Читать книгу Сделка Политова - Александр Субботин - Страница 6

Глава 3. Золотое перо

Оглавление

***

Когда первый месяц Политова в Минкомпрессе подходил к концу, случилось как раз то, во что до этого никто всерьёз не верил, и все считали это фантазиями замминистра Жигина. Пришло то самое письмо. В самый обычный дождливый день, когда помощник высокопоставленного чиновника по имени Иван Политов расположился у себя за столом и начал разбирать принесённую им из экспедиции свежую почту, из высокой стопки выпал продолговатый конверт. Он действительно с виду был совершенно обыкновенным и непримечательным. На нём ровным красивым почерком, чёрными чернилами было написано:

Заместителю министра Е. П. Жигину. Министерство коммуникаций и прессы. Москва. Россия.

И всё. Обратный адрес отсутствовал, что несколько расстроило любопытство Политова, но зато, как и было сказано, в правом верхнем углу конверта, где должны были быть приклеены почтовые марки, стоял необычайный круглый чёрный штемпель с изображением светящегося месяца, из которого выходил человек в саване. Одну руку он поднял, указывая двумя перстами вверх, а во второй руке держал песочные часы. Штемпель был настолько сочным и ярко выделялся на белоснежном конверте, что Иван Александрович, ещё не разглядев письмо как следует, без колебаний признал в нём то самое.

Политов взял конверт и внимательно осмотрел его. Он был из хорошей, плотной бумаги, с приятными шероховатостями по краям и видимой текстурой. На ощупь он казался совсем пустым, потому что был лёгким и тонким. Политов поднял его над головой и посмотрел на свет. Бумага оказалась непроницаема, и, к своему большому сожалению, он ничего разглядеть не сумел.

Марина, что сидела в это время рядом за соседним столом, заметила замешательство своего коллеги и вопросительно поглядела на него. Политов молча передал ей конверт.

Сказать, что пришедшее письмо сильно потрясло Жигина, в полном смысле этого слова, было бы нельзя: с виду и в целом он воспринял приход долгожданного послания довольно прохладно. Однако же сказать, что после этого знаменательного и зловещего события подчинённые Жигина и вовсе не увидели никаких изменений в поведении своего патрона, было бы, по меньшей мере, заблуждением, а по большей мере – преднамеренным лукавством.

Узнав о письме, Жигин в очень скором времени уже стоял в кабинете своих помощников и бегло разглядывал послание, выхваченное из протянутой руки Политова. Осмотрев письмо вполне, он как-то странно горлом вымолвил «спасибо» и второпях скрылся в недрах своего кабинета. Чем занимался замминистр в течение оставшегося рабочего времени, и что потом происходило на его служебном месте, доподлинно никому известно не было, ибо свой кабинет в тот день чиновник уже не покидал. Кроме того, он отдал распоряжение, чтобы и к нему больше никто не ходил и чтобы никого не допускали, а всем звонившим, невзирая на чины и имена, отвечали, что его на месте нет и сегодня, очевидно, уже не будет. Но это то, что произошло на глазах у всех. А вот то, что случилось тем же днём, но позднее, стало известно не сразу, а только после тщательного допроса уборщицы.

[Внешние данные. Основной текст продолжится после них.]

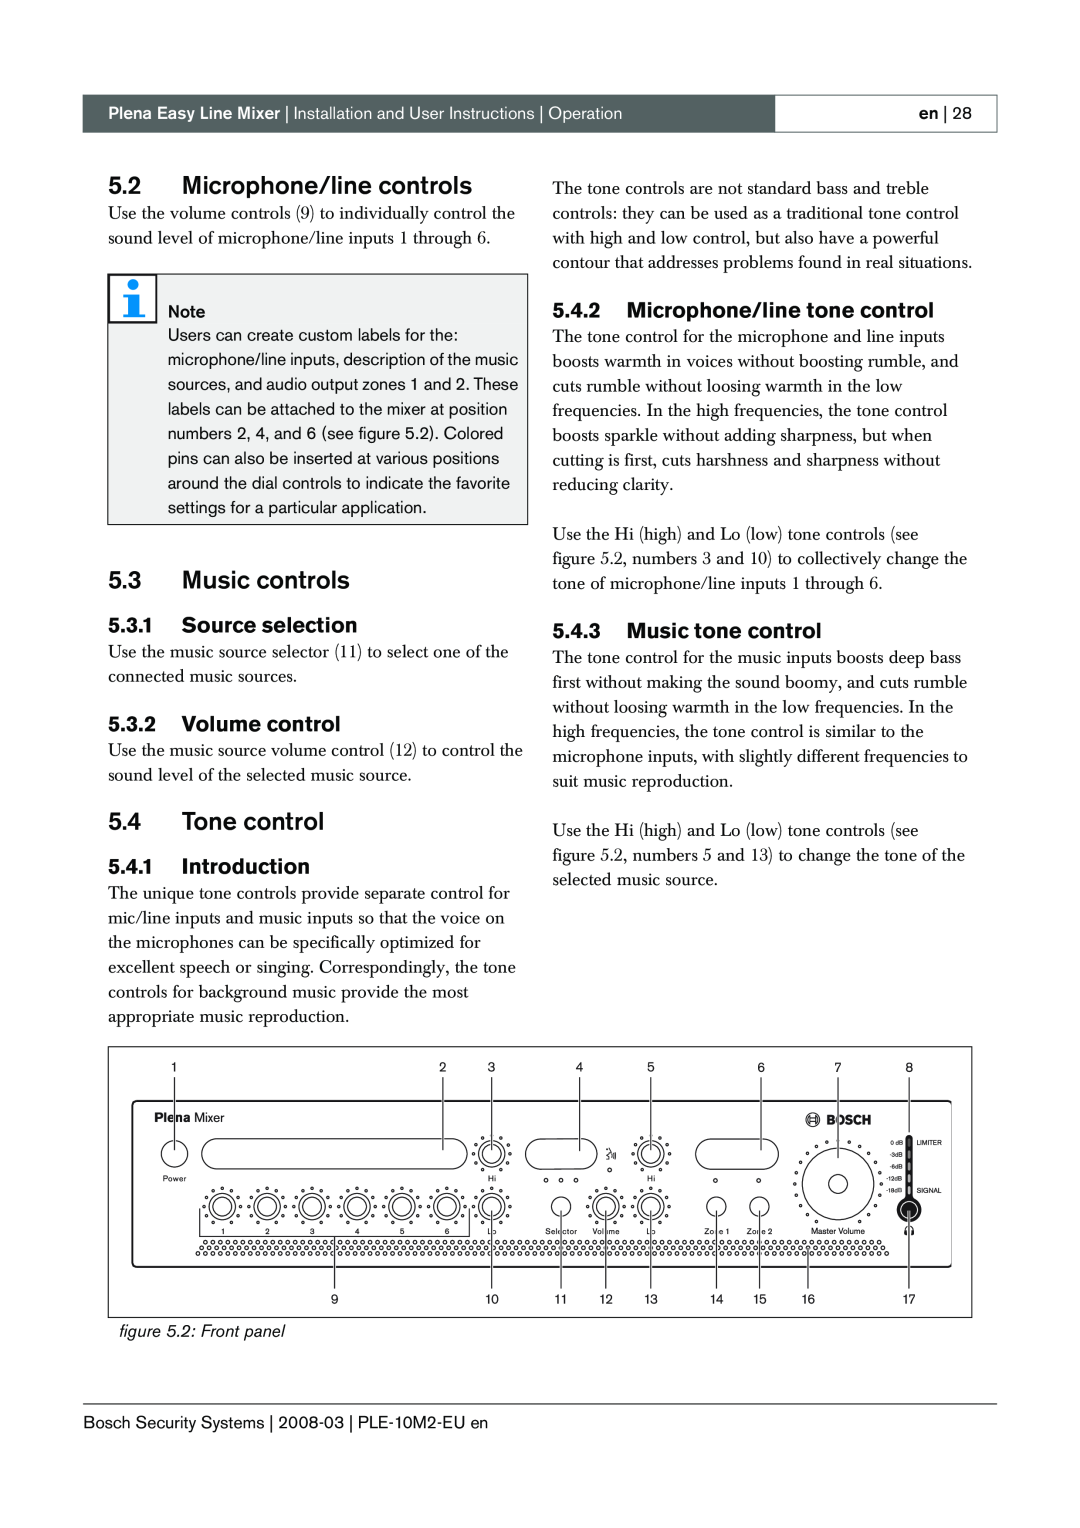 Bosch Appliances PLE-10M2-EU manual 5.2Microphone/line controls, 5.3Music controls, 5.4Tone control, 5.3.1Source selection

Вечером, когда все служащие разошлись по домам, оставив свои кабинеты пустыми для наведения в них чистоты и порядка, уборщица, по обыкновению своему, в самую последнюю очередь, зная привычку Жигина задерживаться самому и задерживать подчинённых ещё на час-два после завершения рабочего дня, направилась к нему в приёмную. Каково же было её удивление, когда, как она показала, в десятом часу вечера в дверях высокого кабинета увидела самого его владельца – Жигина. Но то, что он появился там в этот поздний час, быть может, и не ввело бы в замешательство бедную женщину, потому как тут вроде бы ничего странного или фантастического не имелось, но вот то, как он там появился, очень сильно поразило её и хорошо запечатлелось в её памяти.

Она рассказала, что в тот момент он был неимоверно бледен, шатался, но пьяным, вероятно, не был, потому что довольно ясным и отчётливым голосом произнёс что-то по поводу ковра и пыли в своём кабинете, а потом, покачиваясь и даже временами опираясь на стену, направился к выходу. Ещё уборщица утверждала, что глаза у Жигина были широко раскрыты и даже выпучены, словно бы он только минуту назад сделал первый глоток воздуха после долгого его отсутствия, при этом лицо Жигина попеременно кривилось то в натужную усмешку, то в плаксивую гримасу.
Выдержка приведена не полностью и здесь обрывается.